Supplied material ▸
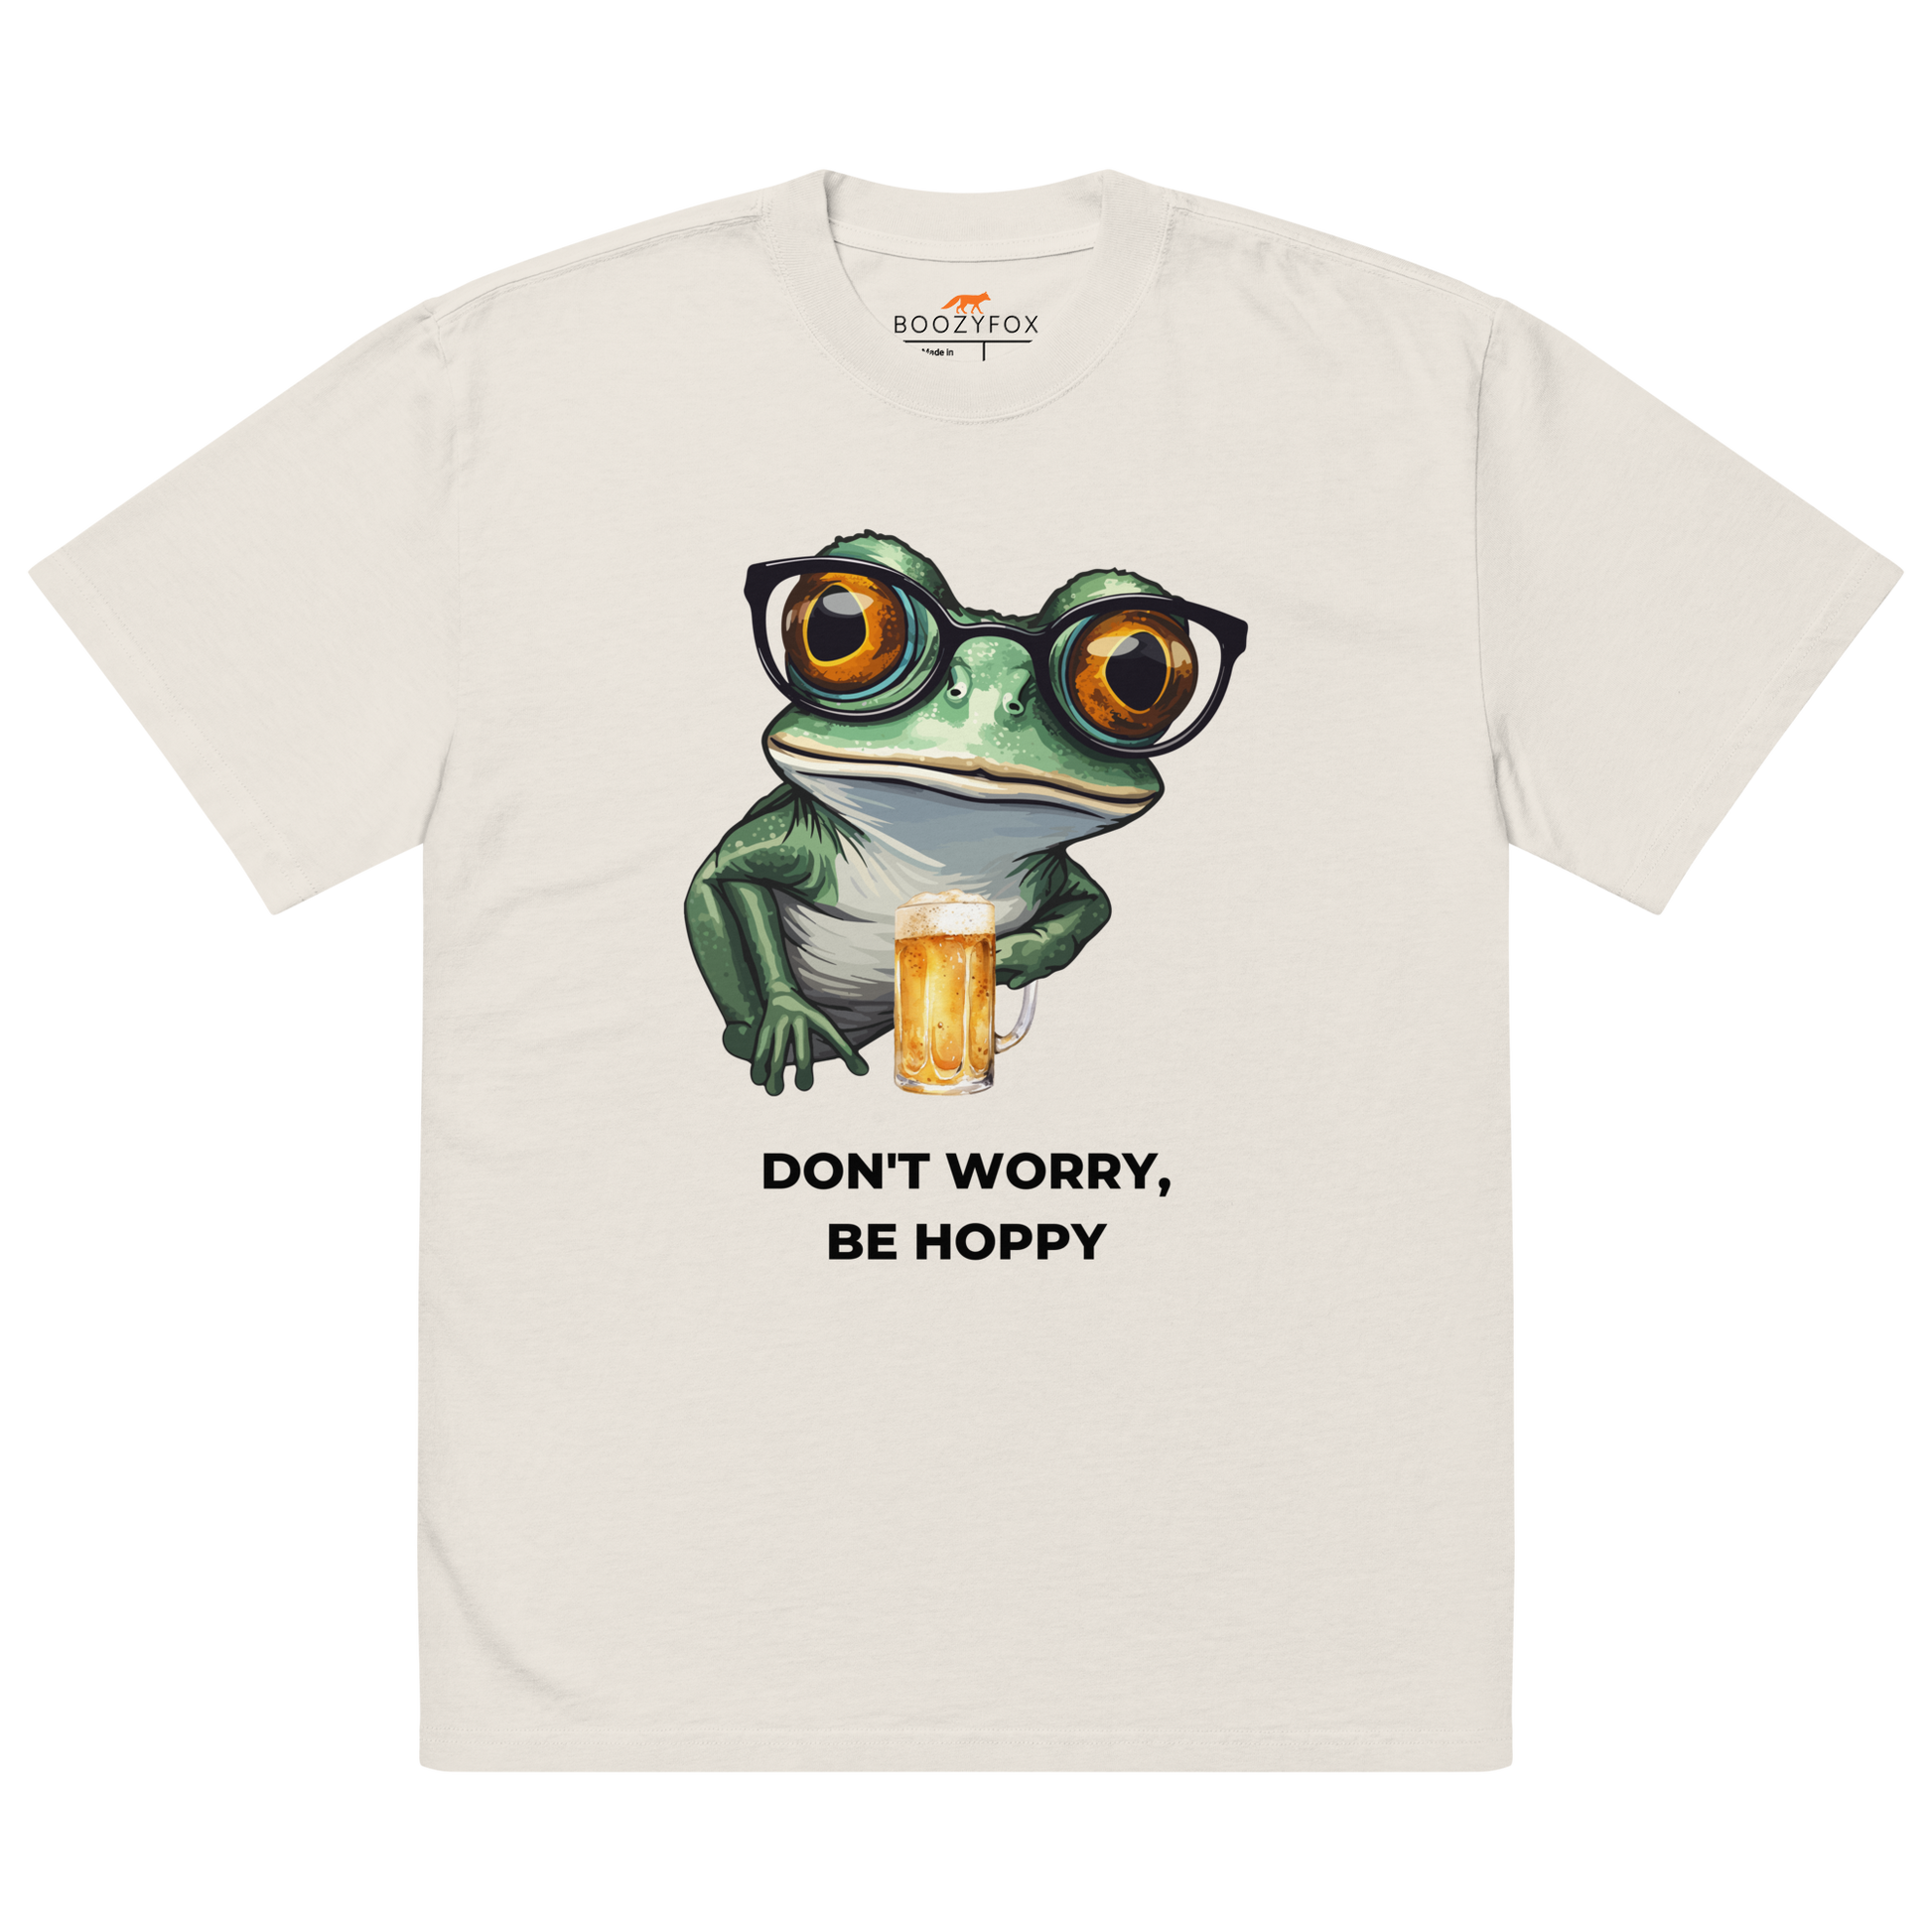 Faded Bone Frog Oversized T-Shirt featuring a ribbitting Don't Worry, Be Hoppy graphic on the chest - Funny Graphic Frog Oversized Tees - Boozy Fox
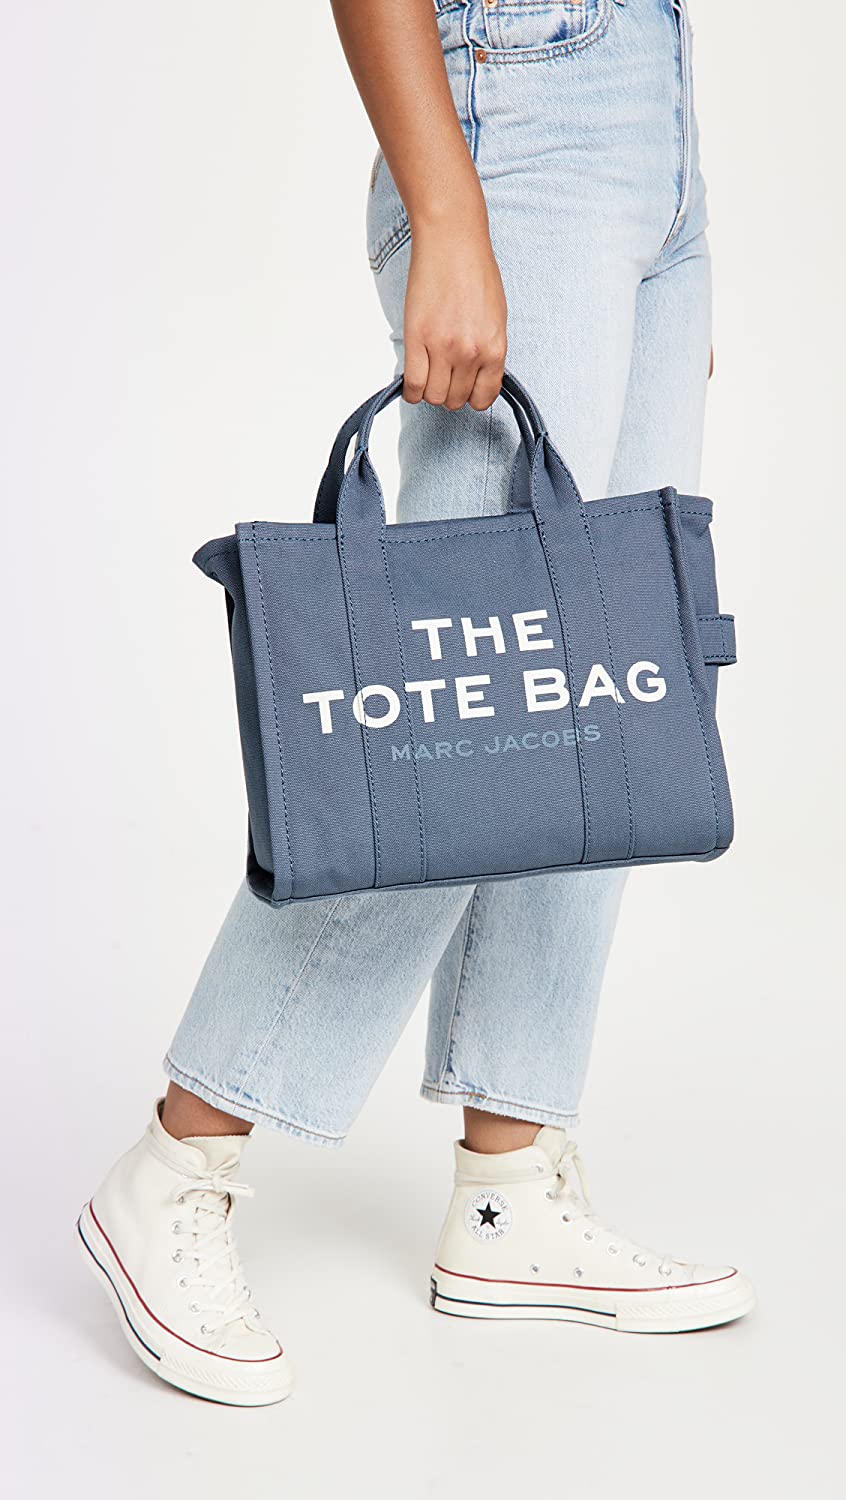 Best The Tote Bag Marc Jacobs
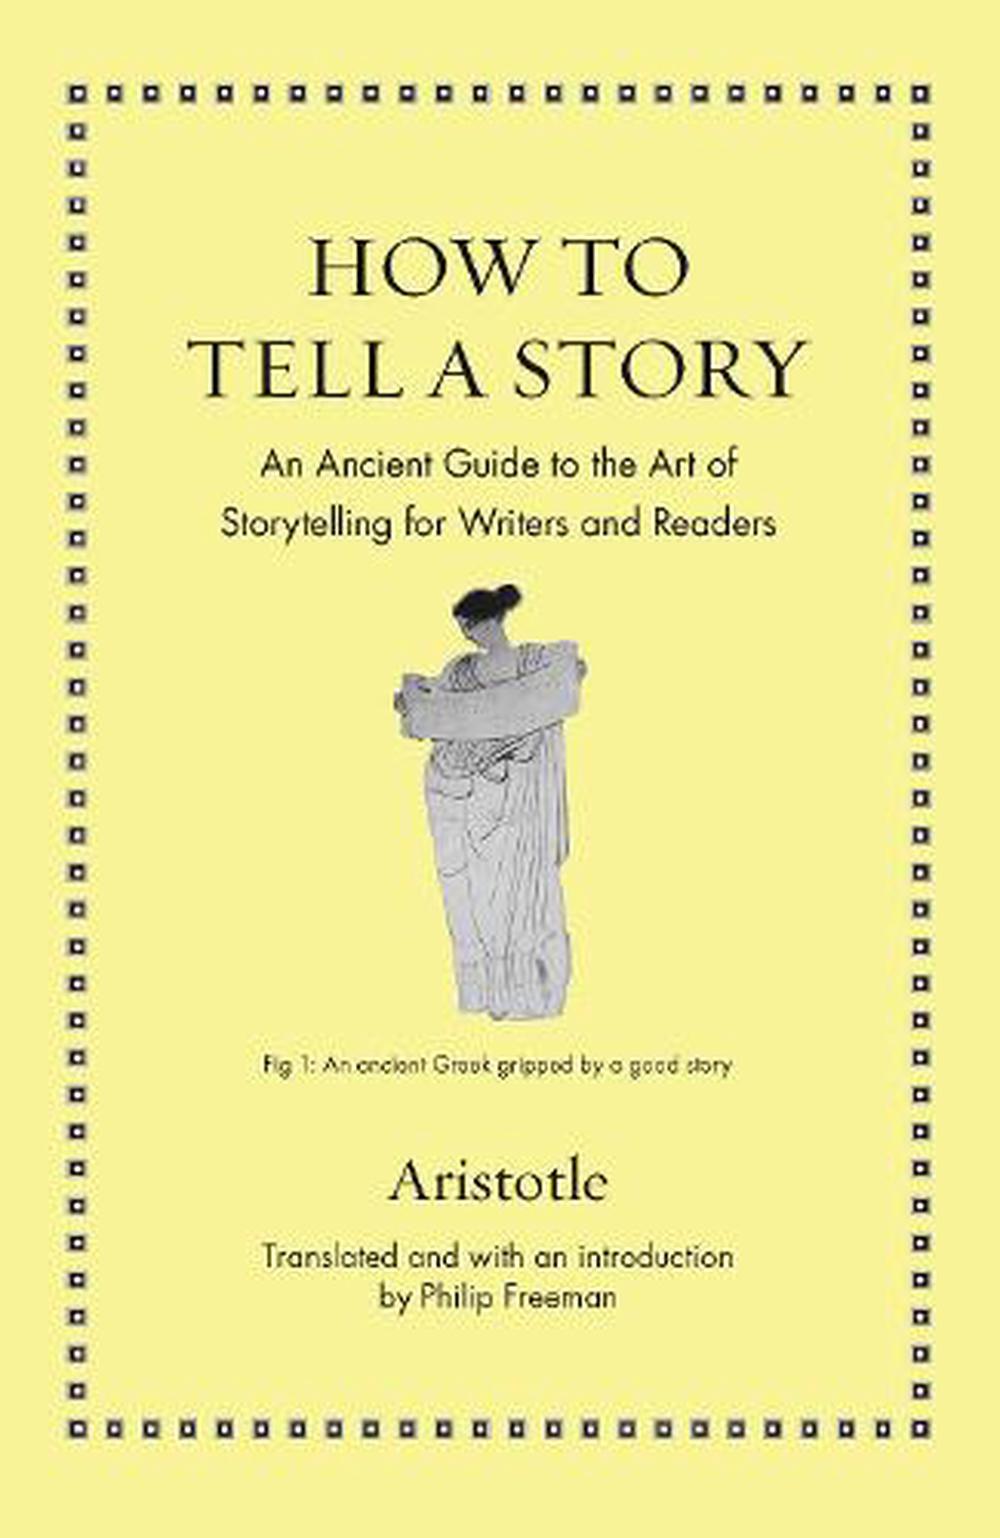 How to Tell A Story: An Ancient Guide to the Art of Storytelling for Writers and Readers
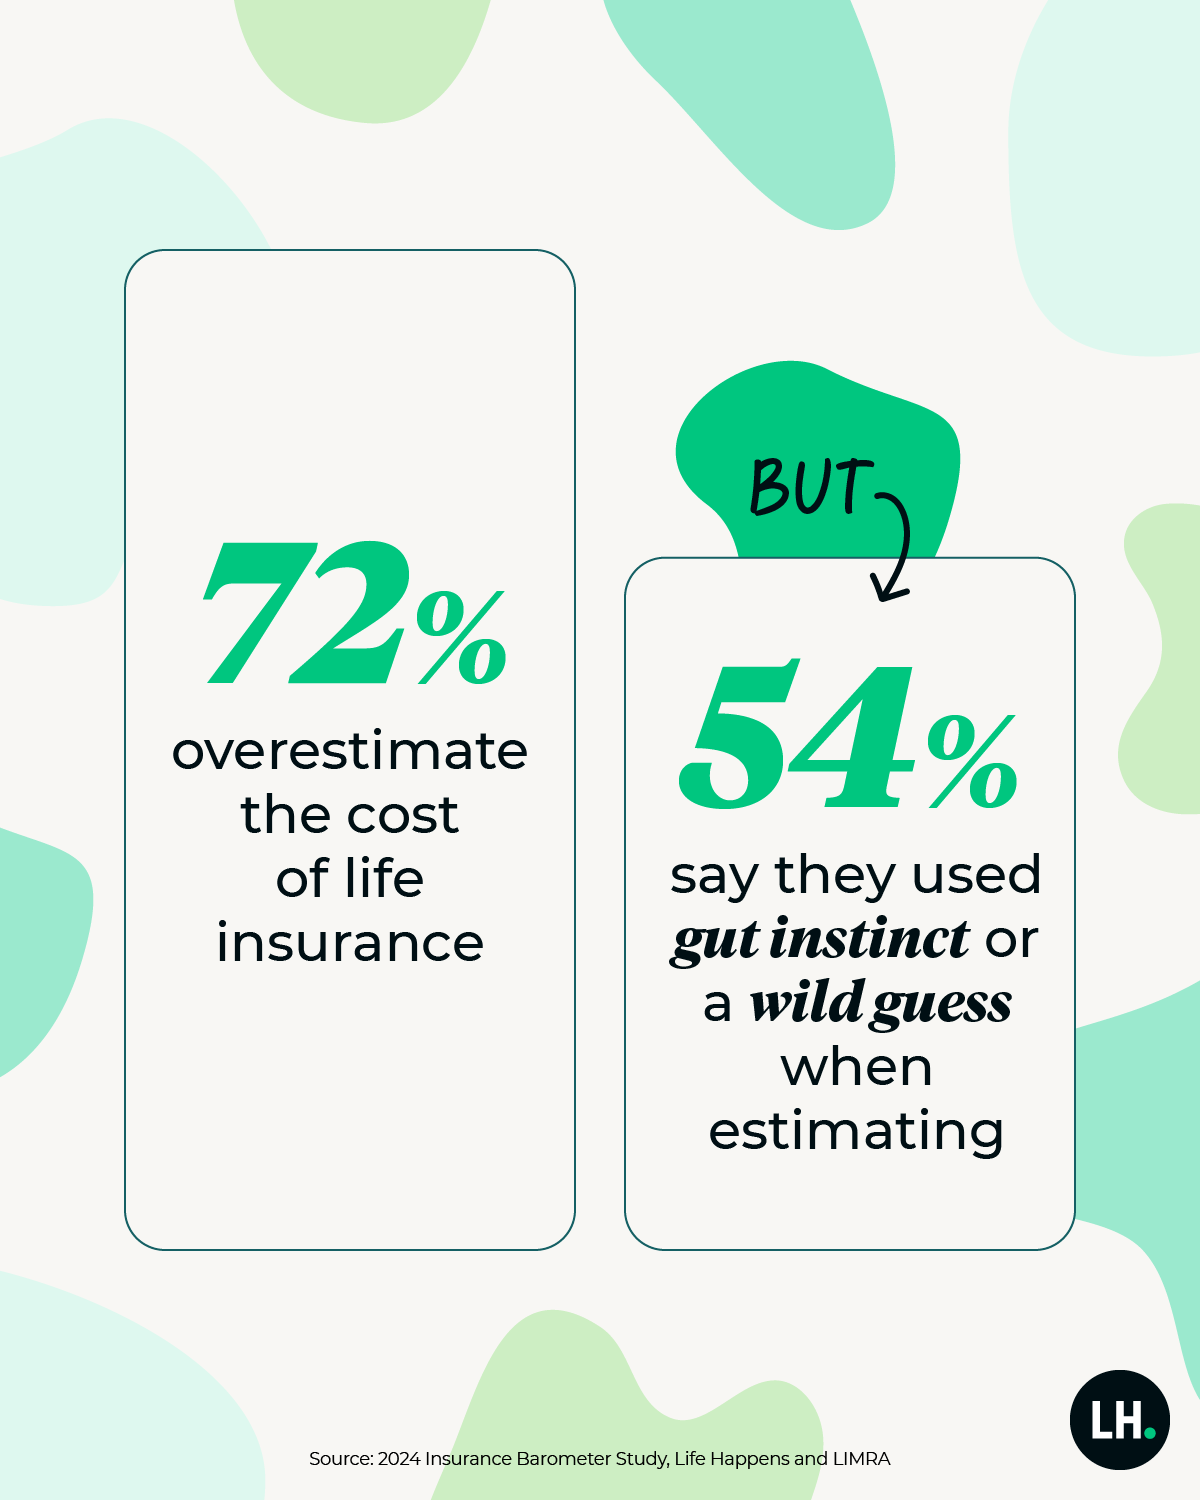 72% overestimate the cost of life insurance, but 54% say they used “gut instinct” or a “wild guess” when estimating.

Assignment ▸ Repeat all of the material above exactly, leaving out pictures.

Problem solution ▸
 Faded Bone Frog Oversized T-Shirt featuring a ribbitting Don't Worry, Be Hoppy graphic on the chest - Funny Graphic Frog Oversized Tees - Boozy Fox
 Best The Tote Bag Marc Jacobs
 How to Tell A Story: An Ancient Guide to the Art of Storytelling for Writers and Readers
 72% overestimate the cost of life insurance, but 54% say they used “gut instinct” or a “wild guess” when estimating.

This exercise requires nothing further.